The Story You Are Creating

A ceremony is a significant part of a long story. How you create your ceremony is the story unfolding, and long after the event, its memory may become a story retold many times, from many voices. Below is a passage from Ceremony by Leslie Marmon Silko, about the importance of storytelling in community.

Ceremony

I will tell you something about stories,
[he said]
They aren’t just entertainment.
Don’t be fooled.
They are all we have, you see,
all we have to fight off
illness and death.

You don’t have anything 
if you don’t have stories.

Their evil is mighty 
but it can’t stand up to our stories.
So they try to destroy the stories 
let the stories be confused or forgotten.
They would like that
They would be happy
Because we would be defenseless then.

He rubbed his belly.
I keep them here
[he said]
Here, put your hand on it
See, it is moving.
There is life here 
for the people.

And in the belly of this story 
the rituals and the ceremony 
are still growing.

What She Said:

The only cure
I know 
is a good ceremony,
That's what she said.

Thirty years since its original publication, Ceremony remains one of the most profound and moving works of Native American literature, a novel that is itself a ceremony of healing.
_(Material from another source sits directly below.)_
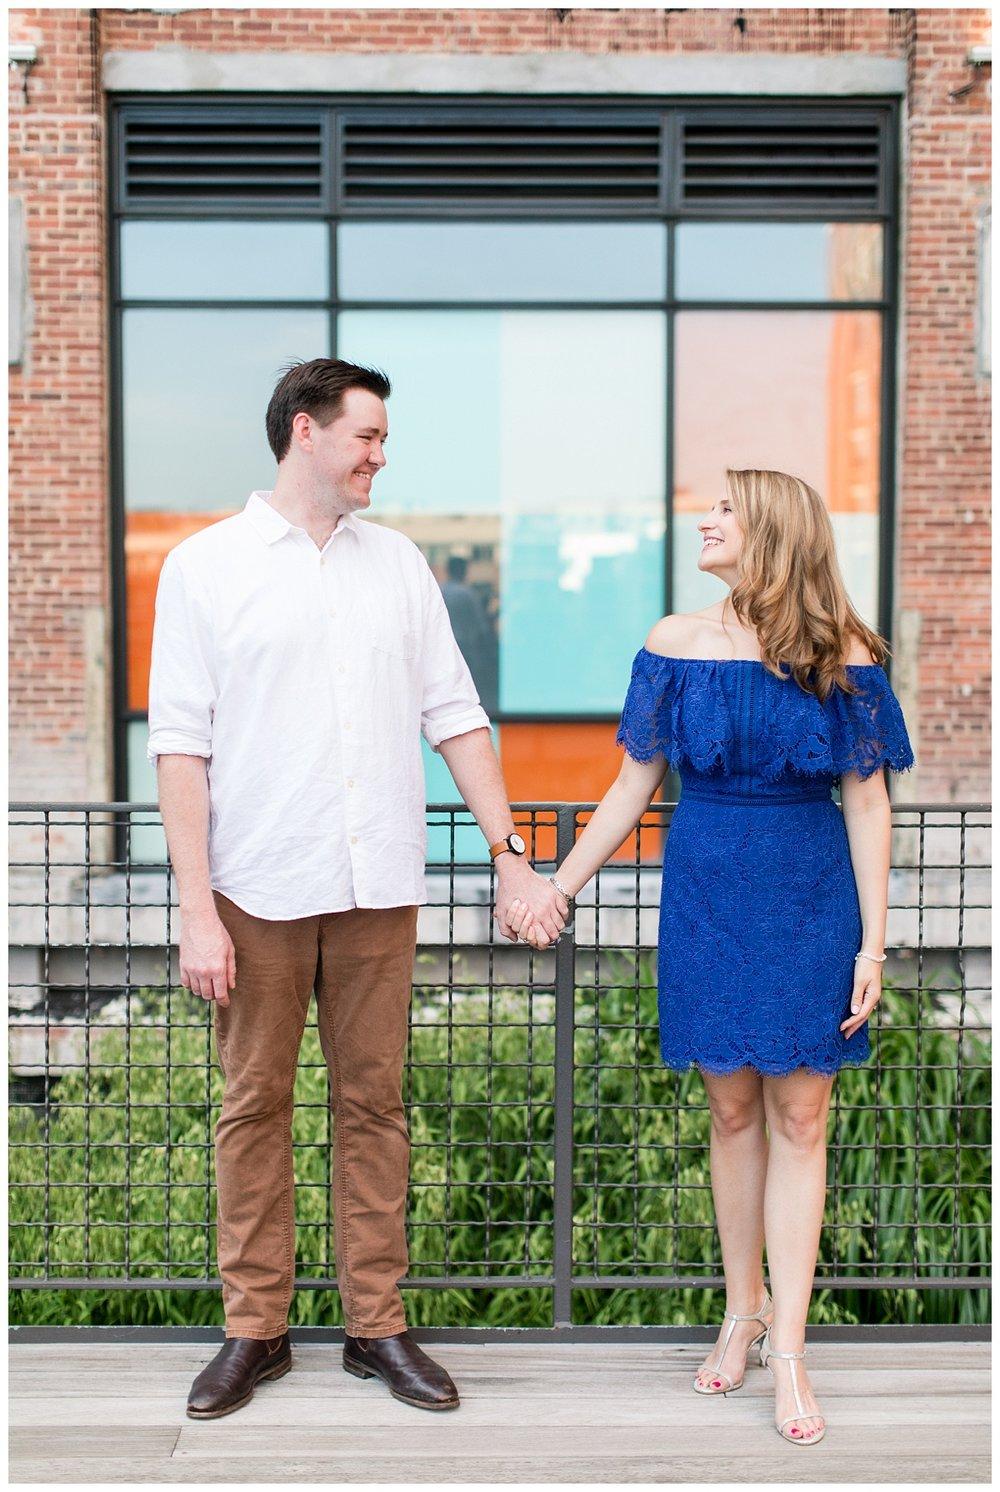 Engagement Pictures_KIm and Hamish_Abby Breaux Photography_Atlanta_Ponce City Market_Jackson Street Bridge_0037.jpg

Tayo, a World War II veteran of mixed ancestry, returns to the Laguna Pueblo Reservation. He is deeply scarred by his experience as a prisoner of the Japanese and further wounded by the rejection he encounters from his people. Only by immersing himself in the Indian past can he begin to regain the peace that was taken from him. Masterfully written, filled with the somber majesty of Pueblo myth, Ceremony is a work of enduring power.